- Born: November 22, 1891 Kokstad, KwaZulu-Natal, South Africa
- Died: 25 May 1975 (aged 83)
- Allegiance: South Africa
- Branch: Royal Flying Corps
- Rank: Captain
- Unit: No. 84 Squadron RFC, No. 24 Squadron RAF
- Awards: Distinguished Flying Cross with Bar

= Horace Barton =

Captain Horace Dale Barton (22 November 1891 – 25 May 1975) was a World War I flying ace credited with 19 aerial victories.

He originally spent 1914–1916 with the army in German Southwest and East Africa. He then joined the Royal Flying Corps in England. His first assignment after pilot's training was 84 Squadron. On 3 January 1918, he moved on to 24 Squadron. On 18 February, he scored his first victory, sending a DFW reconnaissance plane down out of control. On 16 May, he scored his fourth; it is likely he was the one who killed German ace Hans Wolff. His steady accumulation of single victories saw him become an ace on 6 June, when he defeated an Albatros D.V. His next victory, on 17 June 1918, was his most important, as he helped force down and capture 27-victory ace Kurt Wüsthoff in a new Fokker D.VII. Eventually, scoring single triumphs (except for 15 September, when he scored twice), he raised his count to 19. He single-handedly destroyed five enemies, including one set afire. He shared victories in three cases of destroyed enemy aircraft. He sent down seven foes out of control, though two of those were shared victories. He aided in the capture of two enemy planes. He shot down one balloon by himself, and had help on a second.

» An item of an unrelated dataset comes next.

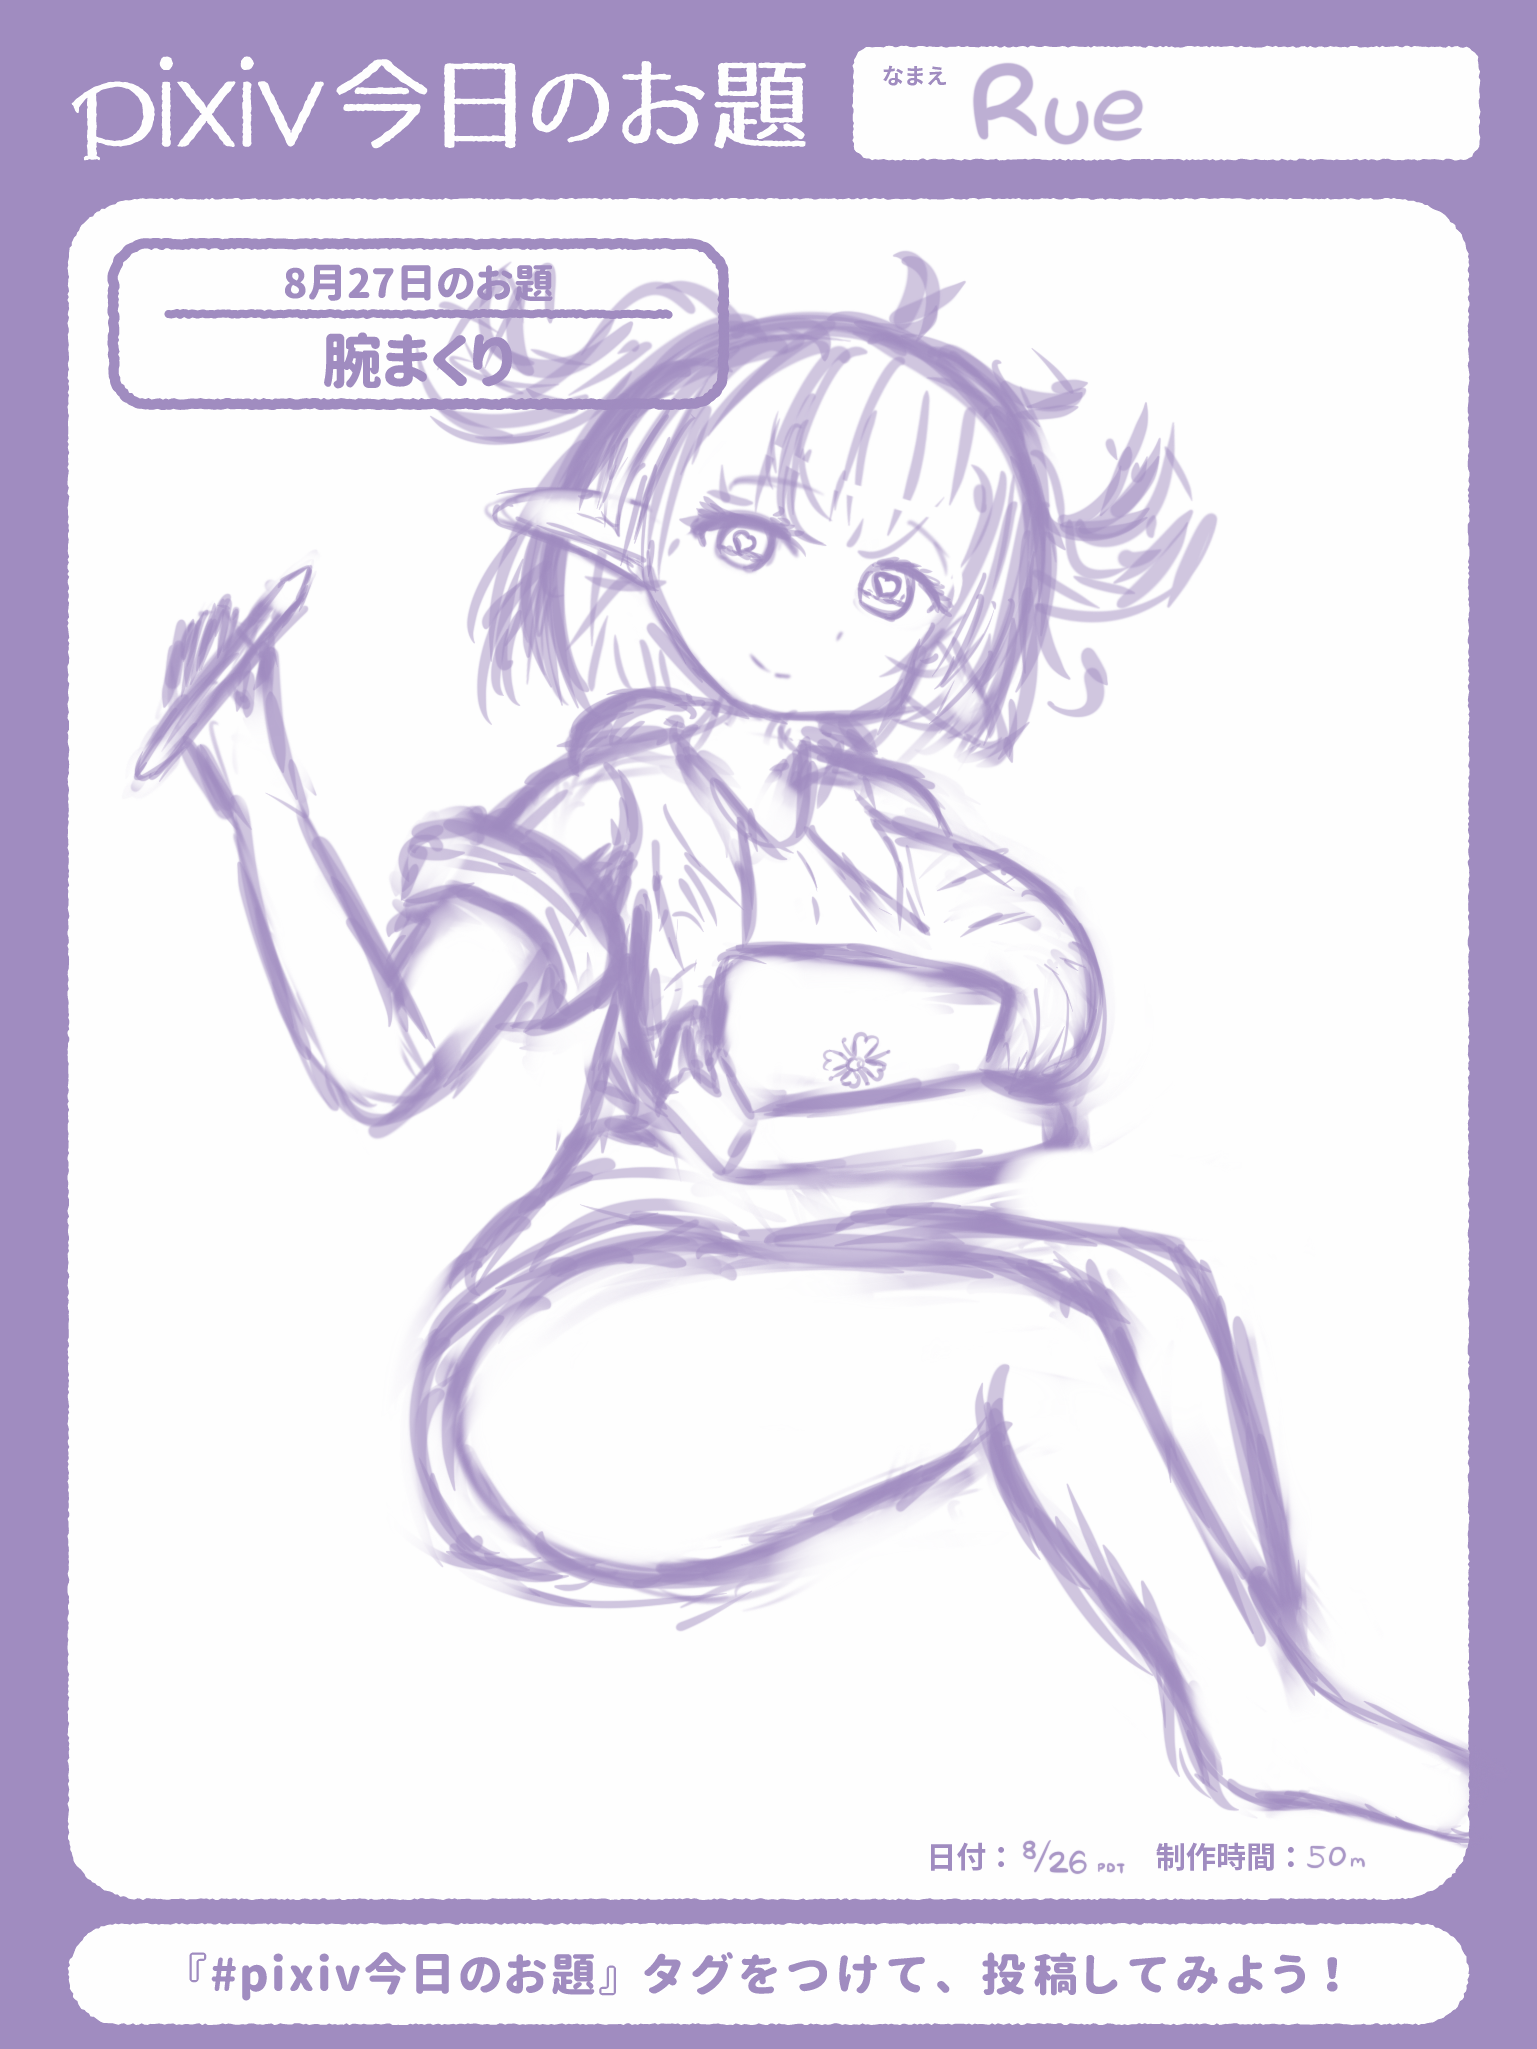 My sketch for today’s  #腕まくり theme from pixiv今日のお題-sensei. It’s me sketching with my sleeves rolled up! It’s a pretty rough, more “sketchy” sketch, so it leaves a bit more to imagination and interpretation with course lines and messy areas.

During World War II, Barton returned to service as an intelligence officer for the South African Air Force.

==Honors and awards==
Distinguished Flying Cross

He has accounted for 14 enemy machines, destroying two, forcing two to land in our lines, and driving 10 down out of control. In addition, he has destroyed a kite balloon which was flying at a height of 500 ft.; engaging it at close range he drove it down in flames.